Súbitamente, los gritos rasgaron el silencio de la noche. Chillidos gnómicos, gruñidos orcos, bufidos de huargos, silbidos de espadas y crepitar de fuego. Amanecía rojo antes de tiempo, y el hipnótico bailoteo de las llamas sumió a Hawkeye en un estado de euforia y terror paralizante. Como un sueño dentro de otro sueño, el viajero temporal caminaba entre las llamas frías, de otra dimensión, luchando para mantener la cordura, buscando desesperadamente un líder entre tantos orcos iguales. Un distintivo, un estandarte, un responsable de aquella cruel masacre. Finalmente lo encontró. Un orco de raza superior, de casi ocho pies de altura y cuya singular figura y estruendosa voz amedrentaría a cualquier ser racional. Portaba un estandarte de la Tribu de Kru'gh. Hawkeye lo reconoció al instante, pues tras casi una década de investigación sobre los orcos y sus costumbres conocía a la perfección todas las tribus y clanes del continente. Por el mismo motivo sabía que se encontraba ante Khan Ghul'rag, su líder y el responsable de aquella masacre. Al fin había obtenido lo que tanto tiempo había buscado, la identidad del asesino de su familia. La sorpresa inicial dio paso finalmente a la ira, y bajo la turbadora presencia de las llamas, Hawkeye desató toda su rabia y vació el cargador de su rifle sobre el líder orco. Las balas atravesaron el aire que ocupaba su cuerpo, como si disparase a un reflejo sobre la superficie de un estanque. «No», pensó Hawkeye cuando logró calmarse. «No eres tú a quien busco». Se alejó de su némesis mientras éste seguía gritando órdenes a sus esbirros. Sus pasos se dirigieron automáticamente hasta donde su subconsciente quería ir. Su antiguo hogar, que ahora no era más que una pira llameante de madera y tela. Aquella terrible escena que se había encontrado al llegar de la cacería nueve años atrás lo perseguía de forma recurrente en sus pesadillas y era el origen del pánico que profesaba ante las llamas. Ahora la tenía de nuevo frente a frente, pero no sentía miedo. Tampoco se sentía perdido ni impotente. Ahora tenía un objetivo claro, y la determinación por cumplirlo llenaba hasta la última pulgada de su pequeño cuerpo. Con la vista fija en la colosal pira funeraria de su familia, Hawkeye pulsó el botón de retorno.

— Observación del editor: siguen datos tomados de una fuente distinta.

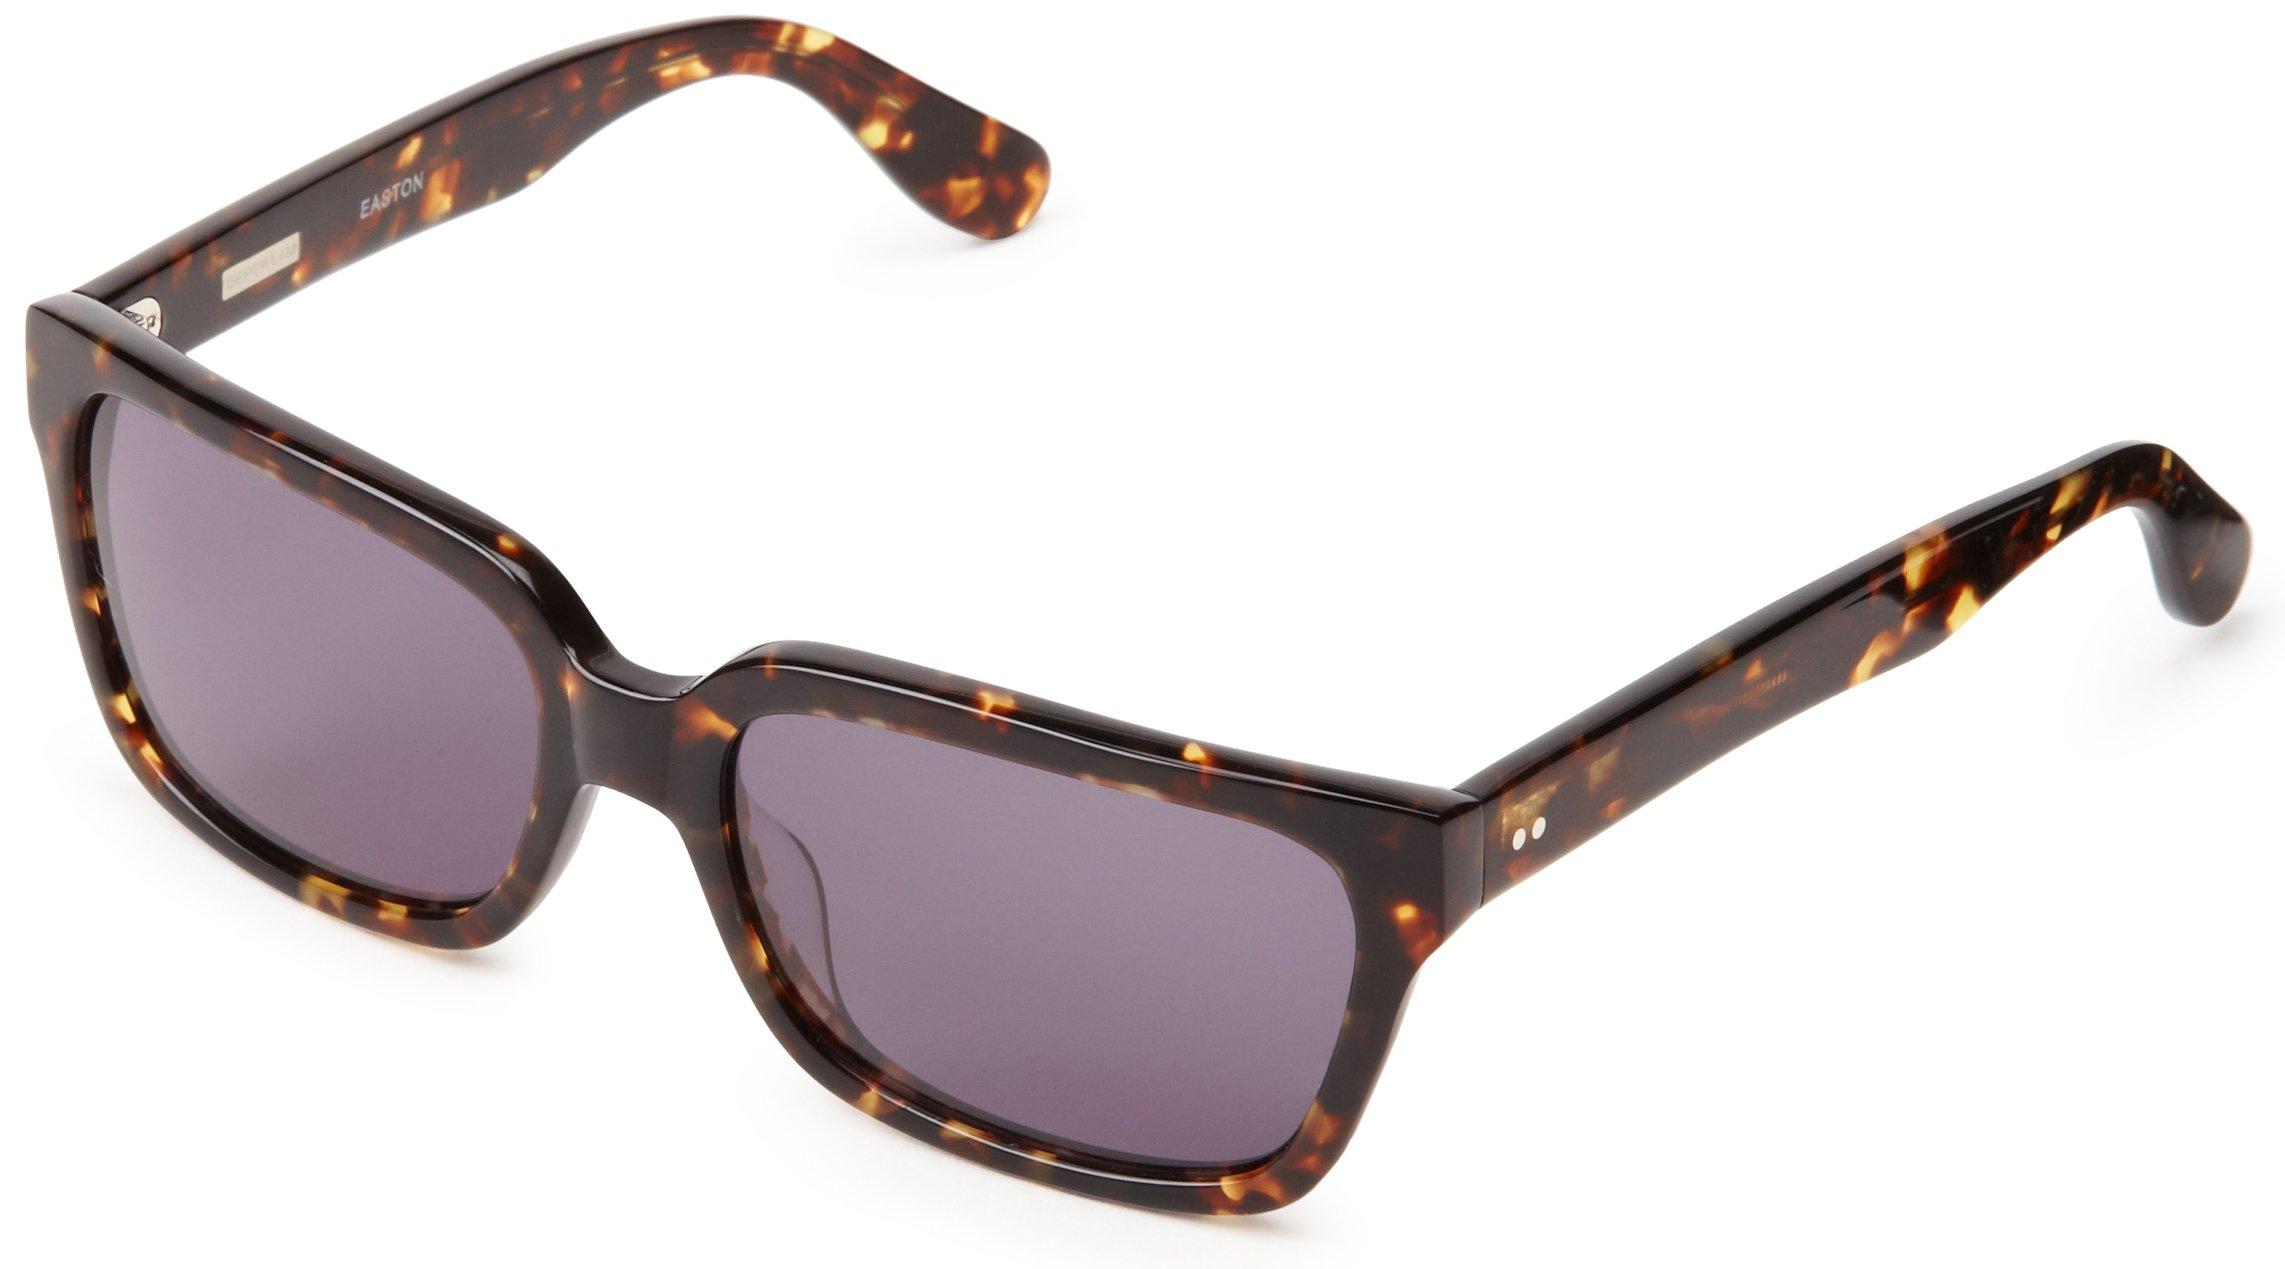 Derek Lam Easton Square Sunglasses, Dark Tortoise, 51 mm by Derek Lam
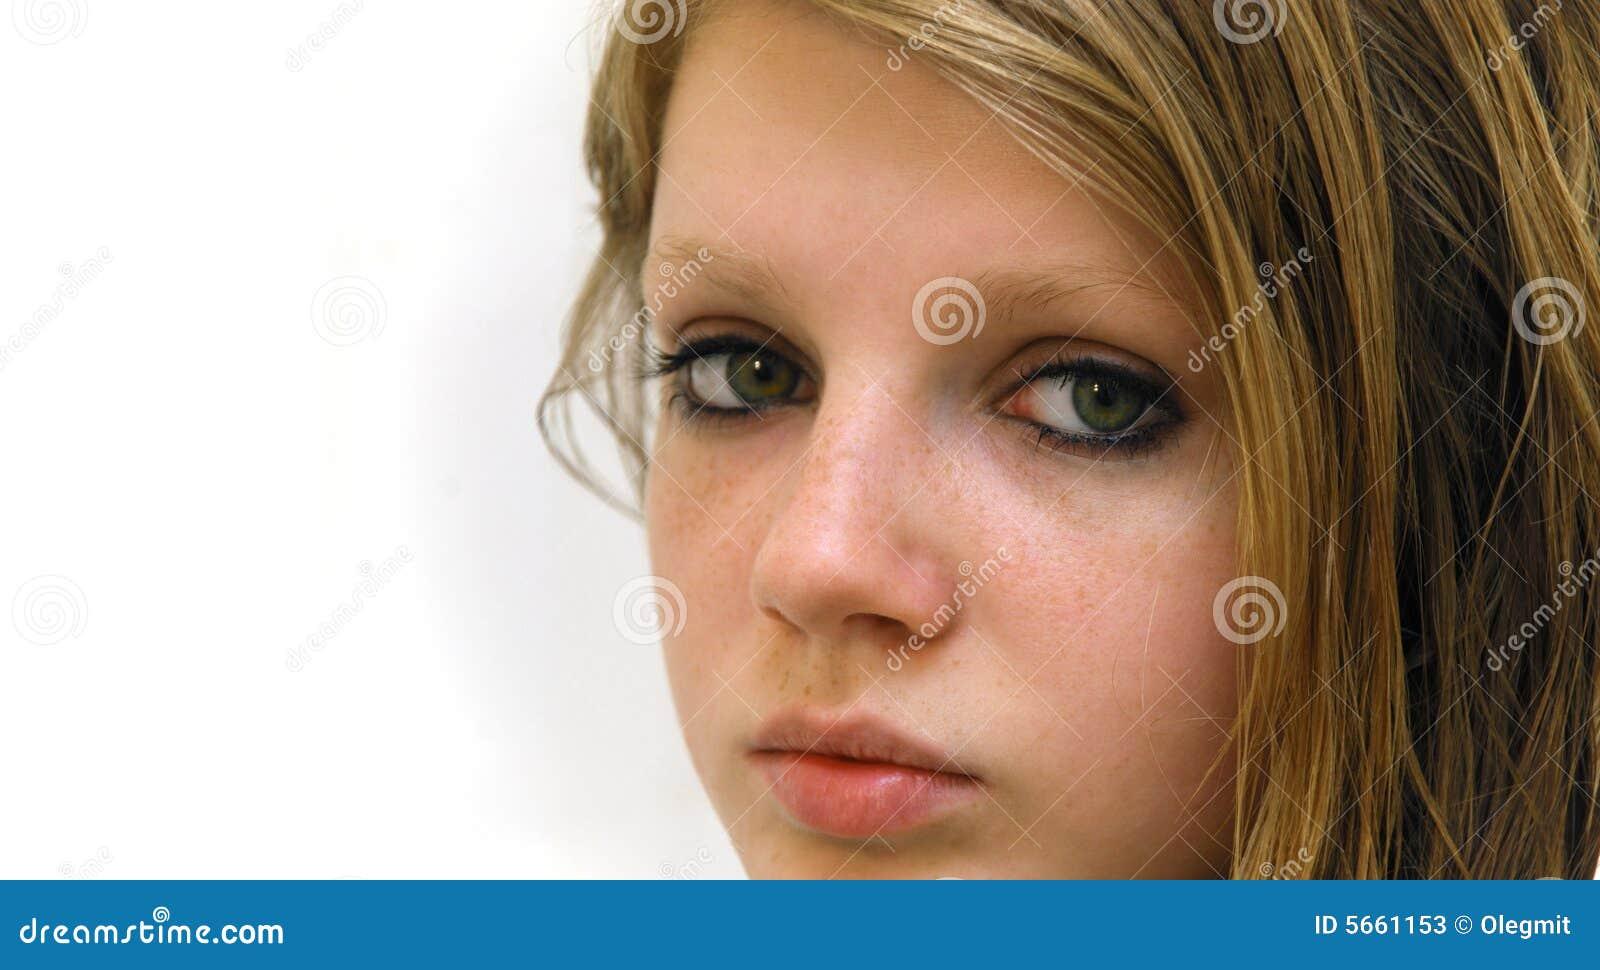 Le polissage laser de la personne contre la pigmentation

Se hizo el silencio. Los continuos gritos de auxilio y muerte se acallaron. El crepitar de las llamas cesó. Se encontraba de nuevo en la arboleda, al lado de su última presa. Y aunque sabía que era un silencio falso, que los predadores acechaban detrás de cualquier sombra, el cazador decidió tomarse un respiro. Limpió cuidadosamente su rifle bajo la luz de la luna creciente. Repuso la munición y la pólvora de los bolsillos de su faldriquera. Comió un puñado de bayas acompañadas de agua de manantial. Calculó algunas coordenadas espacio temporales. Y finalmente se levantó, ató firmemente su pañoleta en torno a su frente, escondió su preciada máquina bajo la camisa, colgó el rifle a su espalda y comenzó su larga marcha hacia el oeste. Hacia las tierras de los Kru'gh.

La cacería no había hecho más que comenzar.